RECORD EXTRACTS Block Start

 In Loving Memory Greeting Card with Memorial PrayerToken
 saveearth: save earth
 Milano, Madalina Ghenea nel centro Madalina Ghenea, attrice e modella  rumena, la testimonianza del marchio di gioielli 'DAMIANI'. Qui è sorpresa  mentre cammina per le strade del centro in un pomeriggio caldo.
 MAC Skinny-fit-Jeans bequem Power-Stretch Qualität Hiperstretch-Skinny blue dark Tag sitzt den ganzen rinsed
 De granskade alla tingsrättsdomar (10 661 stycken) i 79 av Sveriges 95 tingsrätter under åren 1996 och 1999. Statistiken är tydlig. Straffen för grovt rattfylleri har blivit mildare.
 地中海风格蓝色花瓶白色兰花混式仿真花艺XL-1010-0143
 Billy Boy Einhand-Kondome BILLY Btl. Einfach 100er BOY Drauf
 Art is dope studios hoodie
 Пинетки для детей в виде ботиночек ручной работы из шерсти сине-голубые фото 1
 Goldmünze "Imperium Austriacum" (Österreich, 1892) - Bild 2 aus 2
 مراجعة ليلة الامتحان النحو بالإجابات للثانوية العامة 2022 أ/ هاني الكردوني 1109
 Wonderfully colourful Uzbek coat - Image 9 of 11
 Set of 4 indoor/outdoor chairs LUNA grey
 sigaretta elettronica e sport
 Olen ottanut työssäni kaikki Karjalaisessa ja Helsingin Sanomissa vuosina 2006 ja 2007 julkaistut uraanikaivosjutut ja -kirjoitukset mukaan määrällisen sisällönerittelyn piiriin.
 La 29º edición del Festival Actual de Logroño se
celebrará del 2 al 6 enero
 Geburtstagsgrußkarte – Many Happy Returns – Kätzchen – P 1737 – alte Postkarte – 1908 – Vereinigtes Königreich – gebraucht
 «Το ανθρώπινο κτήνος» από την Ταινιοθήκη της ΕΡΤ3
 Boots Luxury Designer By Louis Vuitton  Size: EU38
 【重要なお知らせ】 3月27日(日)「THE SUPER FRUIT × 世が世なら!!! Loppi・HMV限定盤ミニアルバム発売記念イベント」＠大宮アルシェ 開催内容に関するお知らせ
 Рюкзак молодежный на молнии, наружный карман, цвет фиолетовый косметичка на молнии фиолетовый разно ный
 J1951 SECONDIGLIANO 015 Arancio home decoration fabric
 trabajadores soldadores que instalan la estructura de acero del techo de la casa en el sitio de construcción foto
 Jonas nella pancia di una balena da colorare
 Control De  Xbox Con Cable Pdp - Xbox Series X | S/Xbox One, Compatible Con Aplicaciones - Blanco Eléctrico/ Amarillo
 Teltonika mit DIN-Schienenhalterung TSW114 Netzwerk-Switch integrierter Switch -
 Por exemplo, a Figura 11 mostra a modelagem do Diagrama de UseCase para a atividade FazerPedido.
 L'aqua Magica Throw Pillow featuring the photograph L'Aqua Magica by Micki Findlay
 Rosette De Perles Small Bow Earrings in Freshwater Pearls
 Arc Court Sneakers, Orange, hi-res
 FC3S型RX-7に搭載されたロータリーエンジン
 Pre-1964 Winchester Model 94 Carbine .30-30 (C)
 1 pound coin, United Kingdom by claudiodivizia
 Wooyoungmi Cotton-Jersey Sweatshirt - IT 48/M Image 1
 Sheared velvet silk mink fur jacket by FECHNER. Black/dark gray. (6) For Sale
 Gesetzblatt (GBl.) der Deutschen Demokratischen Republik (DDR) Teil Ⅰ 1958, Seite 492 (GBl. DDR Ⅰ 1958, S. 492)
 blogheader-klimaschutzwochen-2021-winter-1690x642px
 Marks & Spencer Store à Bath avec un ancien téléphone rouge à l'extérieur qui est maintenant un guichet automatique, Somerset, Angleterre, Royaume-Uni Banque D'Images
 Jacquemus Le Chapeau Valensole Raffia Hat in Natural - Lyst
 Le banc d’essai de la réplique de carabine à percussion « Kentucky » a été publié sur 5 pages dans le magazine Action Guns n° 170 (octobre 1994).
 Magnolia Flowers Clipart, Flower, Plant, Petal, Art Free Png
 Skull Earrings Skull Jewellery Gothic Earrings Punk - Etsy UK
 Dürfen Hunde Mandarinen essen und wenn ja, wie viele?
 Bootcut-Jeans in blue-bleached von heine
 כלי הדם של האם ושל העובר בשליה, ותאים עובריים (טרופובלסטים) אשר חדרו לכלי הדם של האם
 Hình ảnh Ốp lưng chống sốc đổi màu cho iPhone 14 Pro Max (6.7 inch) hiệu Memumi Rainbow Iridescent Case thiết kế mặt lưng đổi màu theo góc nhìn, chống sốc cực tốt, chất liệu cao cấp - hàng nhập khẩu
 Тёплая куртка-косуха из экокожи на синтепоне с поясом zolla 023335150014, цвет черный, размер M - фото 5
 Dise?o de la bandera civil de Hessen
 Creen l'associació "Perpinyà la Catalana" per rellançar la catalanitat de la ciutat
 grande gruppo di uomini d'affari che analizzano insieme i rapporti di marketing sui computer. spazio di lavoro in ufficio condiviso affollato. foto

RECORD EXTRACTS Block End

▶ _TASK DESCRIPTION_: Give back exactly what runs from the first line of the listing above to the line that contains "Milano, Madalina Ghenea", keeping both end lines.

▶ _RESULT_:
 In Loving Memory Greeting Card with Memorial PrayerToken
 saveearth: save earth
 Milano, Madalina Ghenea nel centro Madalina Ghenea, attrice e modella  rumena, la testimonianza del marchio di gioielli 'DAMIANI'. Qui è sorpresa  mentre cammina per le strade del centro in un pomeriggio caldo.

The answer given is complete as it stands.